Later, I posted a conversation with Robert Naiman, the director of Just Foreign Policy, a non profit that seeks to improve US foreign policy. We talked about the current unrest in Egypt. What I enjoyed about both of these conversations is that they were timely and topical and they reminded me that far away stuff miight not be so far away at all.
And soon, I expect to be posting a conversation with a Washington State Park employee who manages a tiny but magnificent public observatory in the community of Goldendale.
I love this.
Inside the House
There is a difference between an interview and a report. Basically, the report is shorter and much more to the point. But it has all of the same elements; a host, an expert, a subject, a conversation, a takeaway. A report is to an interview as a teaspoon of soup is to the pot.

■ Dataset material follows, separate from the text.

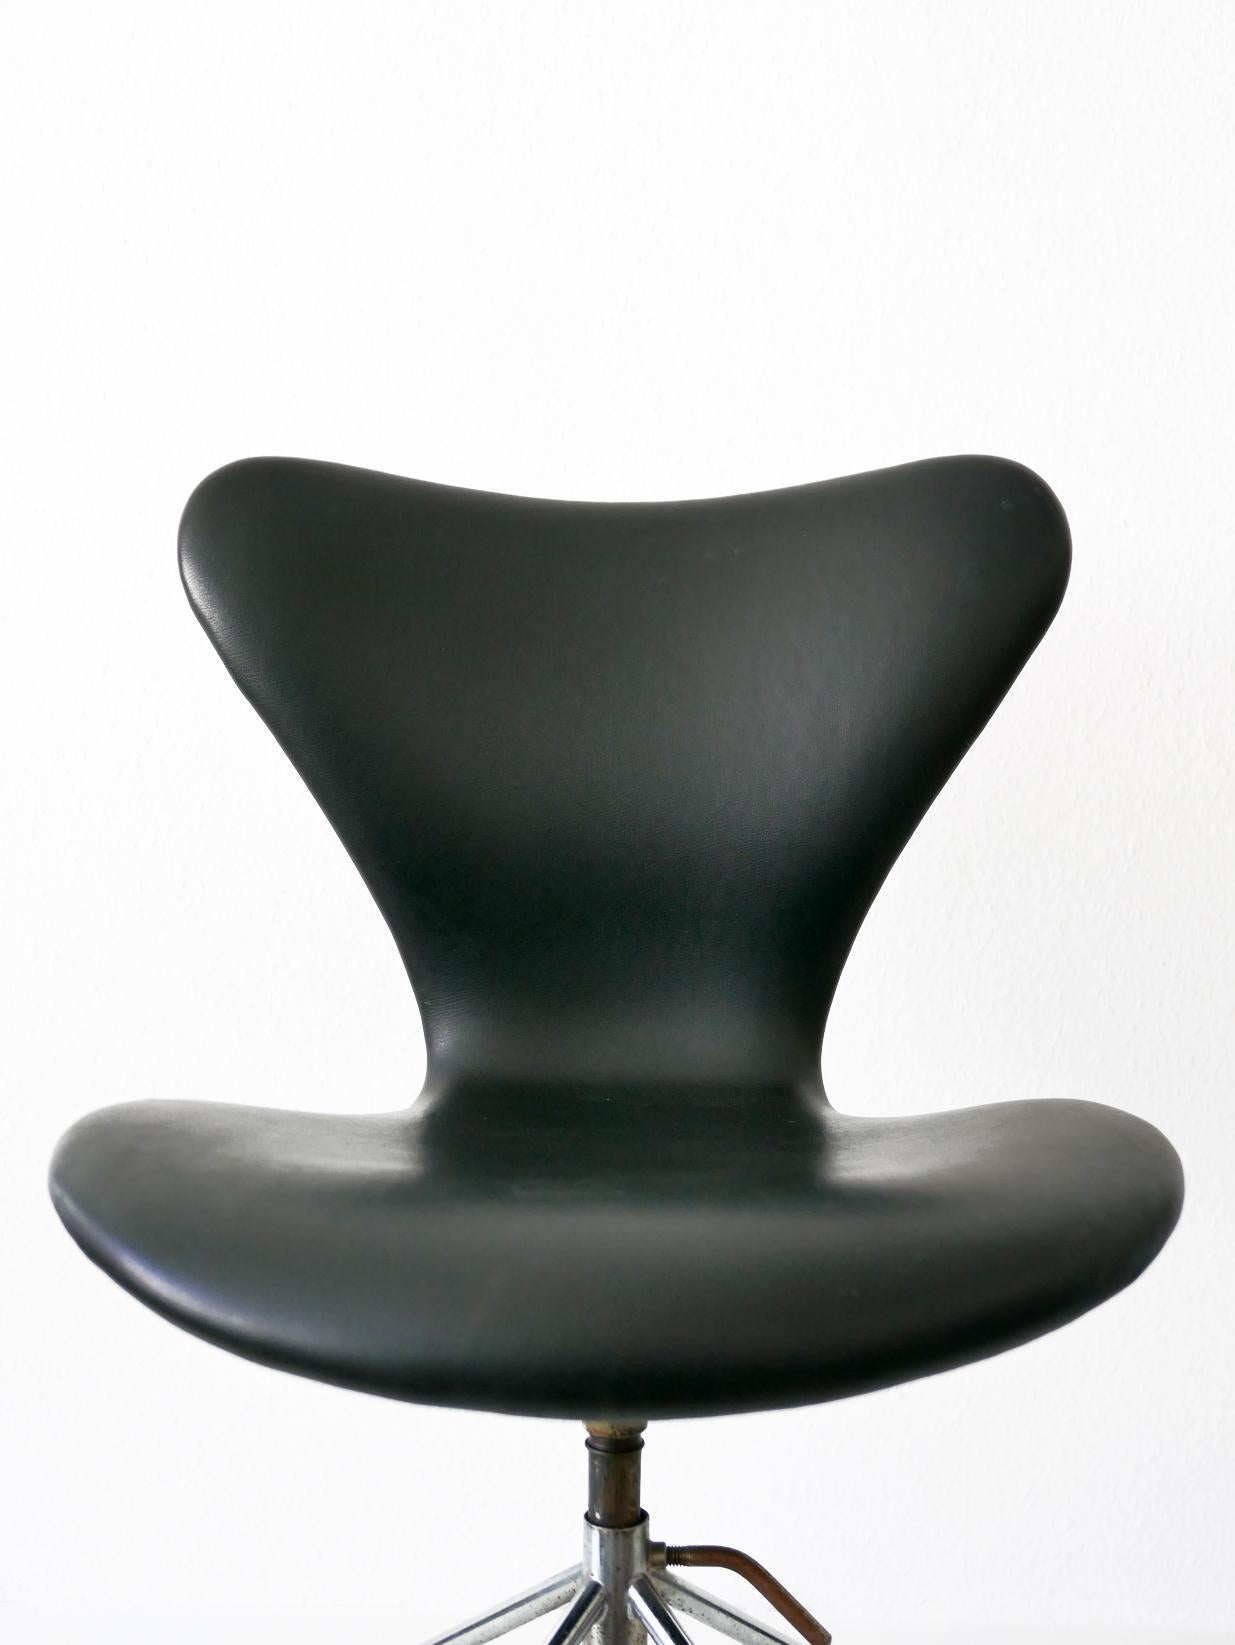 Danish Mid-Century Modern Office Chair 3117 by Arne Jacobsen for Fritz Hansen, 1960s For Sale

Just listened to David Folkenflik, the media correspondent for NPR report about the just announced departure of NPR’s CEO, Gary Knell. What I admired about his report was how he was not afraid to talk about prickly stuff. See, when you’re inside an organization and you report on the potential problems in the secret sauce, co-workers can get prickly, even though reporting is what the whole shebang is about. Folkenflik talked honestly, though with ever so slight hesitancy about the turnover of CEO’s; 7 in 7 years, the looming budget shortfall; more than $6 million dollars, the compromise over “Here and Now”; an effort to keep peace among the affiliates and the problem current and potential advertisers might have; does the revolving door at the top make them hesitant to support the network? I heard him stutter step twice and that tells me he didn’t want to pull back the covers on the place he probably loves, but it was his job.
This is not pretty stuff. Public and community radio is under siege from all directions. And NPR got its newest CEO two years ago after disastrous episodes surrounding the firing of Juan Williams, secret videotapes of questionable behavior of NPR fundraisers, and finally, in light of it all, the resignation of the previous CEO. But Folkenflik plowed through it all because he is, I think, like Internal Affairs in a police department. He reports on the reporting. That means he goes deeper and probably feels the respect and simultaneously, the wariness of every journalist in the building.
Folkenflik, like Simon, Totenberg, Sarhaddi-Nelson, and the scores of top notch reporters who have armed me every day against this nutty world; he and they deserve good leadership and I have no doubt the NPR board will provide it. Because courageousness like his, even in his own house, is what credibility is all about.